Настигаю я ее в пару взмахов. Рыбьими глазами покачиваюсь над водой, нарезаю вокруг нее круги, стараюсь подловить сзади. Когда мне это удается, и я утыкаюсь носом в мокрый её затылок, у нее, видимо, тоже не остается никаких сомнений. Еще грубее она восклицает, – Ого-го! Дельфин какой! – и выкручивается, отпихивает меня и поворачивает к берегу. Шлейф из чаинок укорачивается в далекий мерцающий коврик. На отмели я загоняю медведицу в непроницаемой мгле. Заваливаю её назад, сгребаю в охапку, но ей опять удается вырваться. – Ого-го! Ишь ты! Дельфин какой! – игривым басом хохочет она и, скользнув ягодицей по моей щеке, встает из воды.

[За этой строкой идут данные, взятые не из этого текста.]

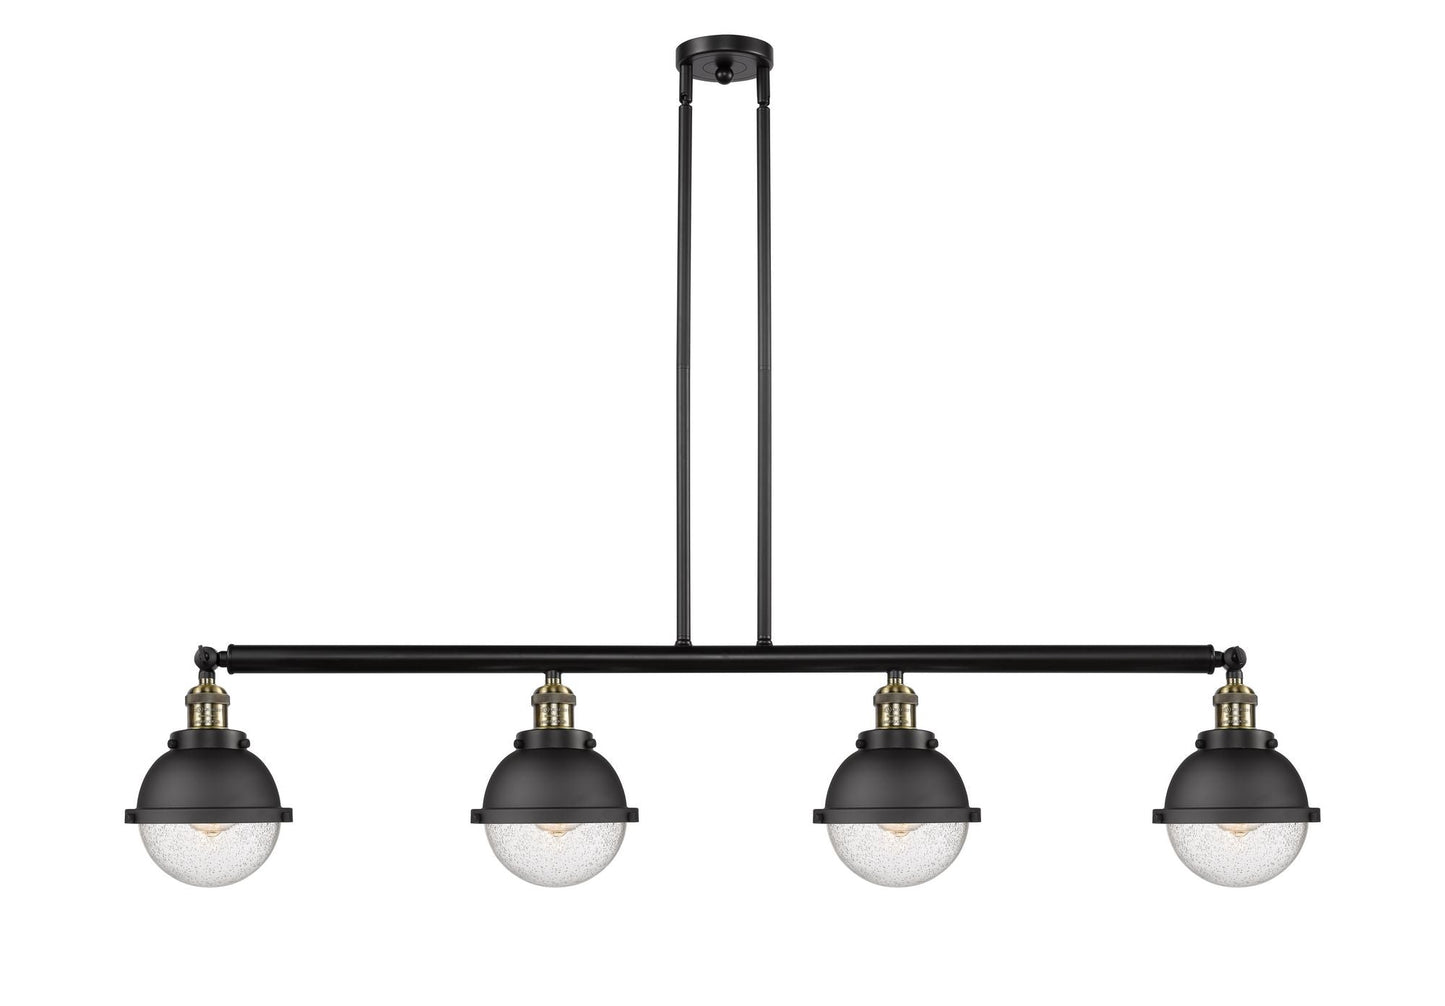 214-BAB-HFS-64-BK 4-Light 51.875" Matte Black Island Light - Seedy Hampden Glass - LED Bulb - Dimmensions: 51.875 x 7.25 x 10.5<br>Minimum Height : 19.5<br>Maximum Height : 43.5 - Sloped Ceiling Compatible: Yes

А я продолжаю лежать в море. Смотрю, как на освещенном фонарями пляже, похожем на галечное крем-брюле, медведица буксует по насыпи, хрустит всем этим бежевым, ореховым, и блестящие от воды её смуглые бедра, дугой набухают от напряжения. И с удивлением подмечаю, как это внезапно неинтересно. Мне становится так муторно и так неподъемно хлопотно продолжать знакомство, что я, кажется, готов пересидеть в ледяной воде самые долгие неловкости, какие, только, можно себе вообразить. Не знаю, что со мной опять происходит – мне неважно, удалось ли трахнуть ее сейчас или не удалось, главное, что «сейчас» закончилось и закончилось оно вместе со мной. И на большее я не рассчитан. Пусть она испарится. Рявкнет мне что-нибудь в своей манере, грубое и насмешливое, голосом Фаины Раневской, и исчезнет в своих ресторанах. Быть может, до следующей нашей случайной встречи.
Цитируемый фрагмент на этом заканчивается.